So, it’s a wee, small hour of the morning. I just woke up all itchy-scratchy to find my cat meowing and hopping around like mad, pouncing on my butt and back, staring up at the ceiling, hunting a big, fat mosquito and as this is happening, I realize my back, neck and arms are covered in bites. Where am I, the jungle? Where did this guy even come from? I don’t think I’ve gotten a mosquito bite in the city in… well, a long time. But, here we are. And, of course, it was a jolt to wake up with a cat pouncing on one’s ass, so I’m awake. And, it’s a wee, small hour of the morning.

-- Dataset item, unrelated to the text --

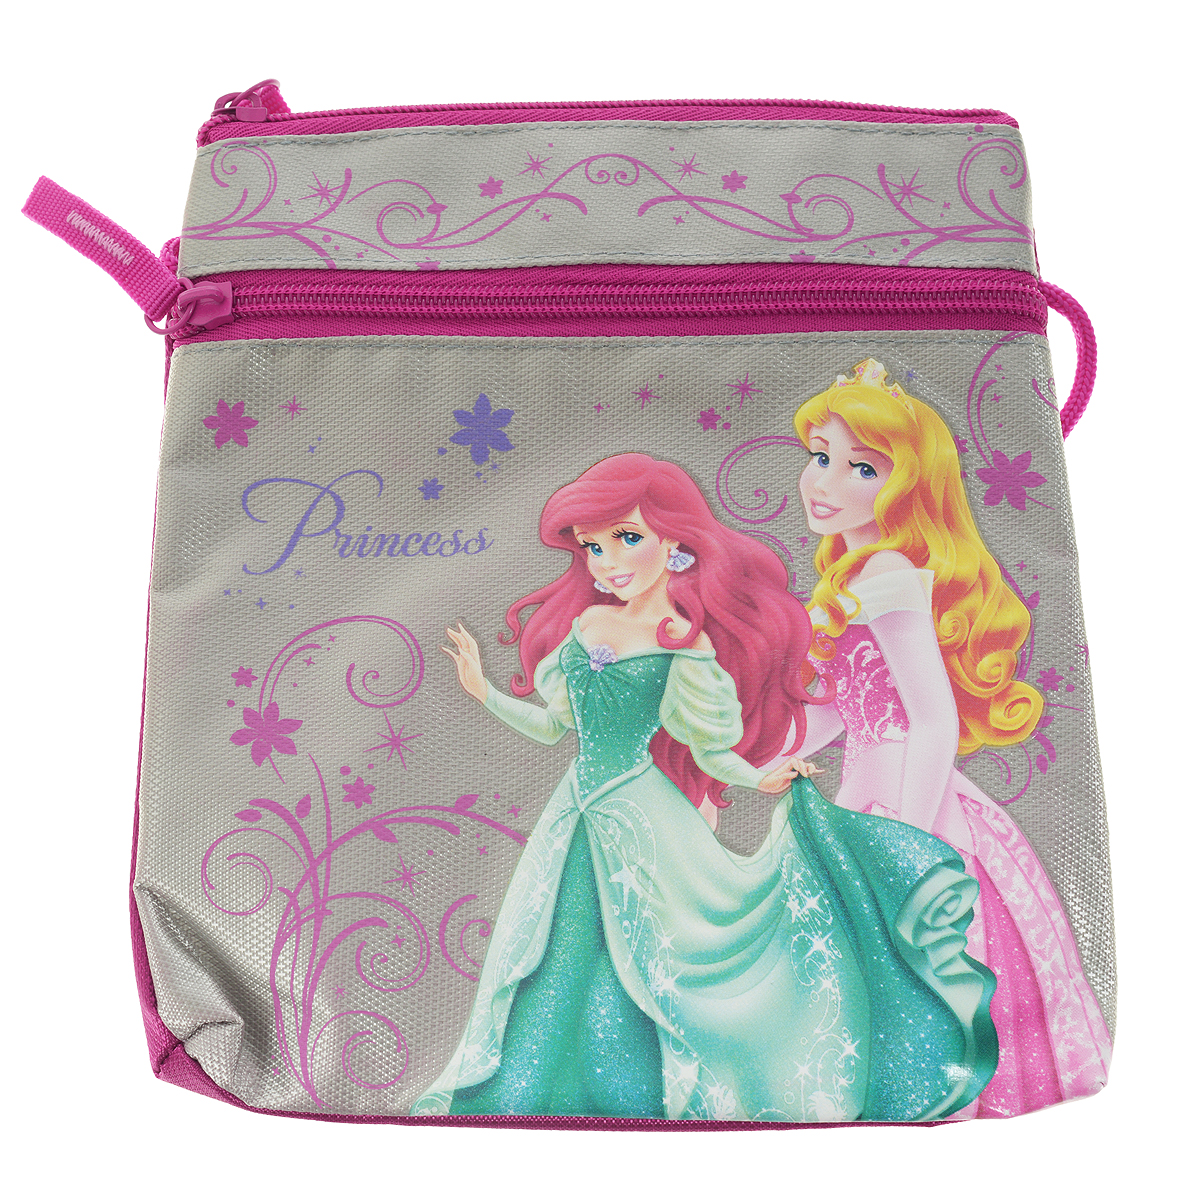 Сумка детская Princess, цвет: серый, розовый сумочка princess цвет розовый prcb ut4 4017
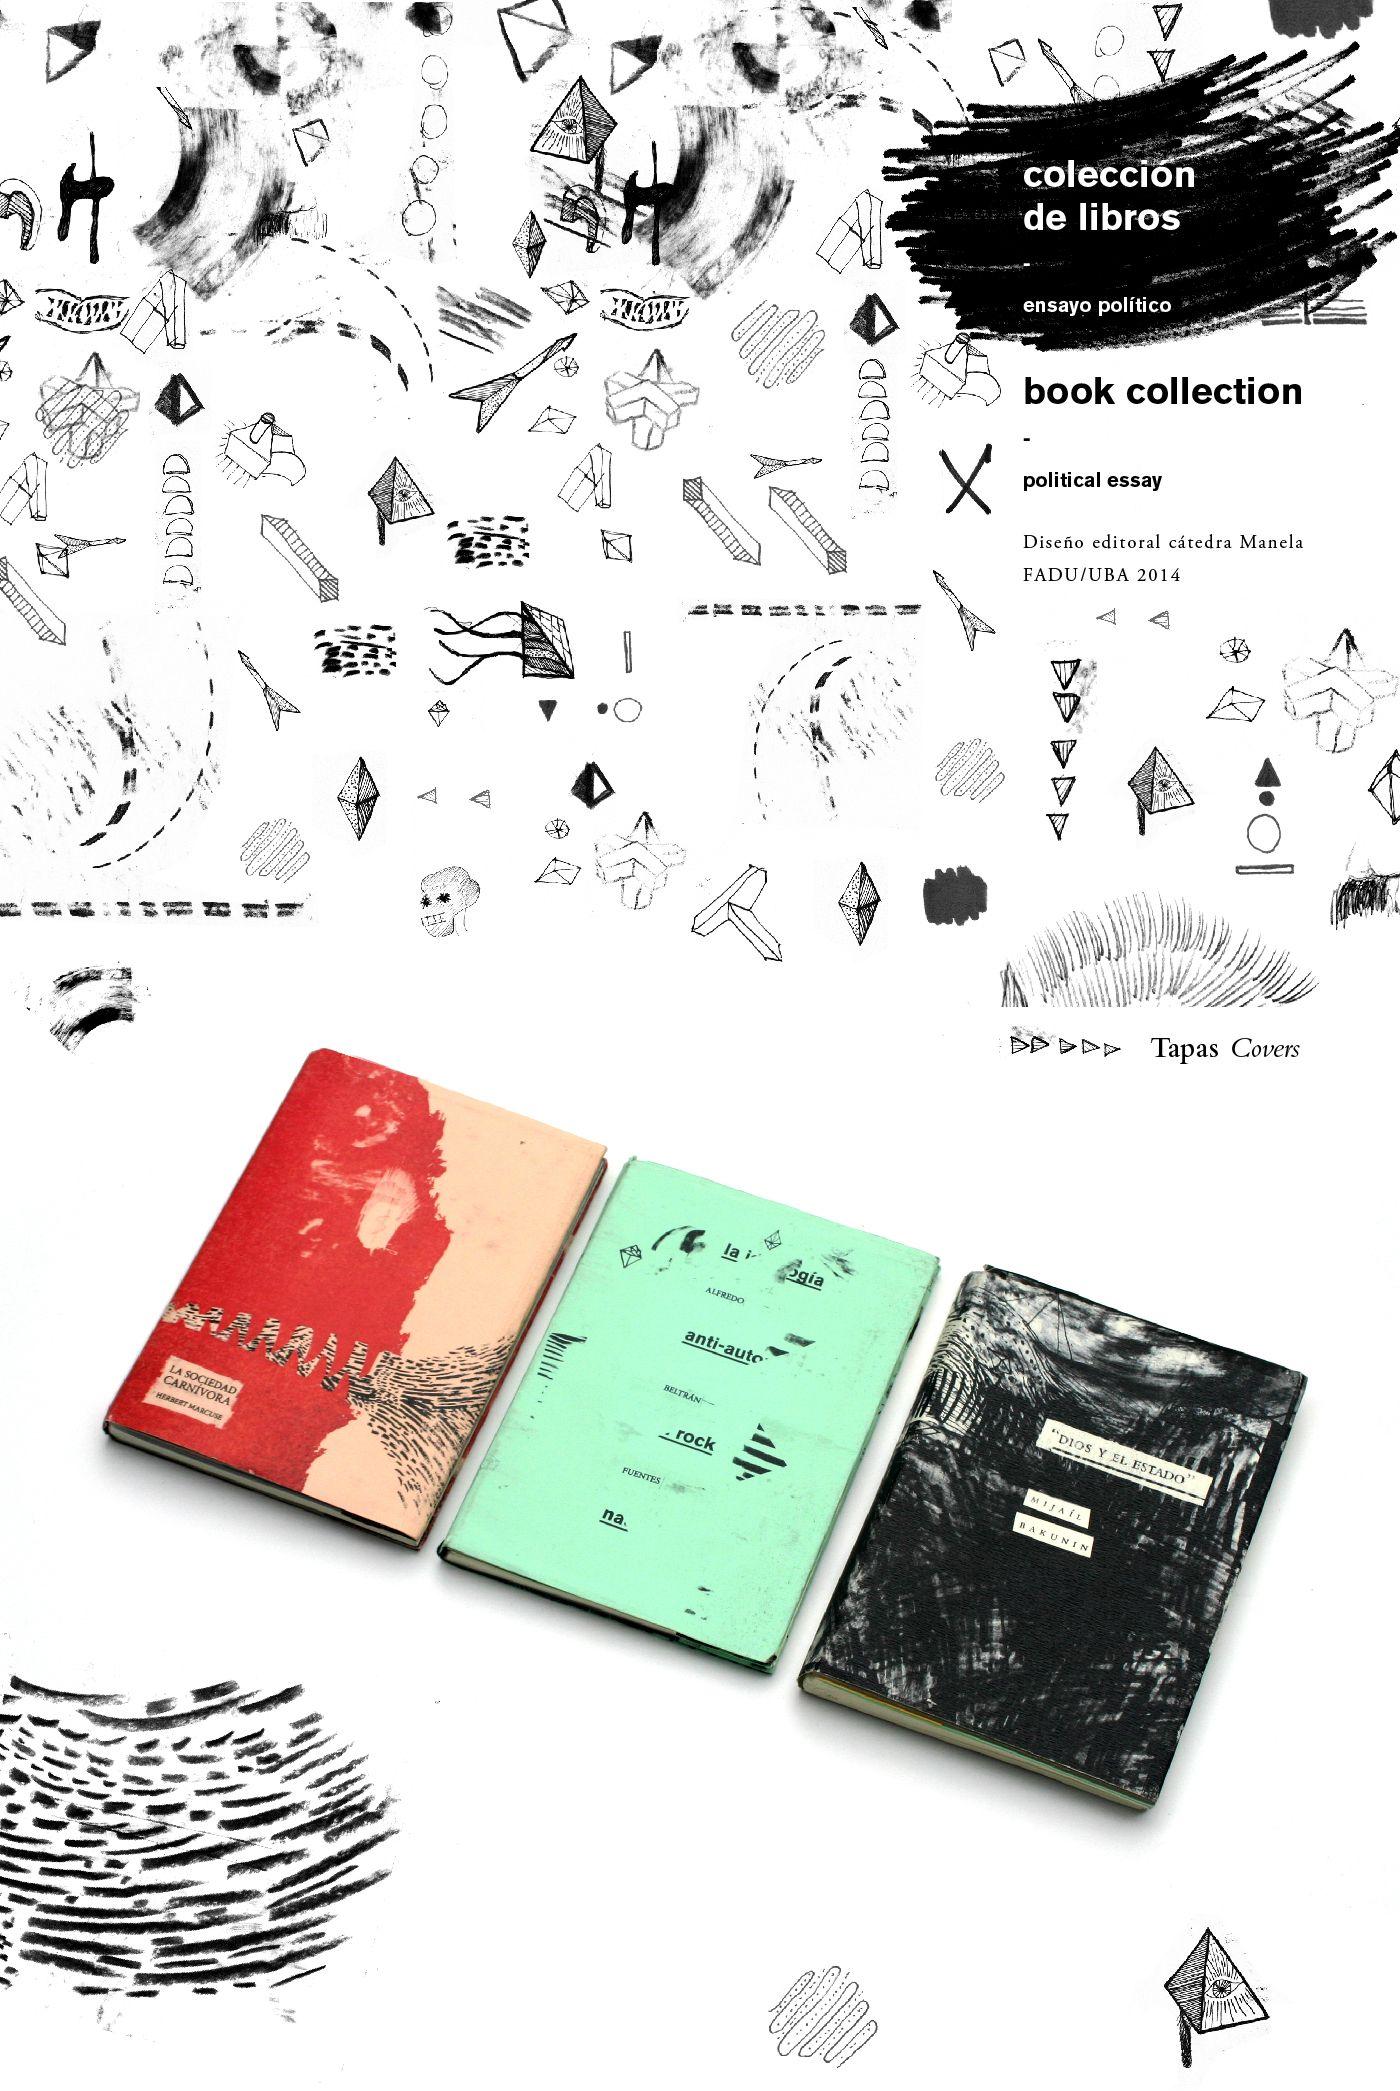 Book collection of political essay.Editorial Manela, FADU 2014

So, let’s see, what can I tell you about? My guest spot at Jewcy shall continue starting Monday, which I’m tickled pink about. I’ll be blogging there, this time, for a month. Very excited about that. I’ll be sure and link as I go.

I went to shul tonight, and wrote a little summary about some things to consider right here (if you are interested in that sort of thing) on the more serious, kicking-around-ideas, meaning-of-life-brainstorm blog I do also. Anyway, I’m sitting there at shul, Leah is there next to me (who saved me from sniffling into paper napkins by producing tissues from her awesome red purse) and suddenly there is a ruckus. And, I mean ruck-us! Long story, but somehow, the rabbi’s wireless lapel microphone was interfered with/interfering with another frequency (just a guess based on the ruckus, but I’m no sound tech) and suddenly we are getting the sound of tuning an old radio super-loudly, then a super-loud shot of Arabic pop music that went on for a few minutes before the rabbi laughed and took off his mic and decided to wing it with the fortune of a loud voice and tonight’s small crowd.

Anyway, I split after, as I still don’t have much of a voice, at least not a non-squeaky one, came home, ate some dinner, played with my cat, talked on the phone a bit, conked out, and that pretty much brings us up the point where I woke up with the cat pouncing on my butt and back as I was being bitten to shit by a mosquito. I have no idea what became of the mosquito, but I’m hiding under the sheets except for my arms and face.

Tomorrow morning, in a hood a bit north of my apartment, there is a huge German heritage festival. (If you are plotting to stalk and/or murder me, by “north” I mean, of course, way way south.) Last year, a few hours before the parade started, a polka band slipped away and decided to warm-up and practice in front of my building. So, we’re talking like 8ish in the morning, meters away from a Polka band. (Yes, I said meters, yes I did. I’m Eurotrash waiting to happen. Or, really, like third-generation Eurotrash still happening. Er, wait, fourth, no, no third. Wait, shit. Whatever. Eurotrash in any case. Which is probably what drew the damn polka band to my building last year in the first place. They saw my name and umlaut on the buzzer and thought, Ja! Die europäische frauline! Die Eurotrashen!)

If the Alsatian (where my people are from) flag wasn’t so funky-looking, I’d hang it out the window in the morning, but who knows what kind of shit that would start? You nevah know when someone will cross your path who is somehow still bent about the WWI/Treaty of Versailles/Woodrow Wilson/Kaiser/League of Nations biznass. Har. But really, Alsatian ain’t a bad set of roots– you get to half-assedly do Oktoberfest and Bastille Day. Sort of. Just with less enthusiasm about polka.

Good grief and holy shit.

That’s my life, kids. Awake at the crack-of-jack, blogging about Eurotrash roots, polka bands and a cat pouncing on my ass. Fascinating, I realize.

Aaaand, right on cue, dicktoast mosquito just flew in and bit my cheek. Nice.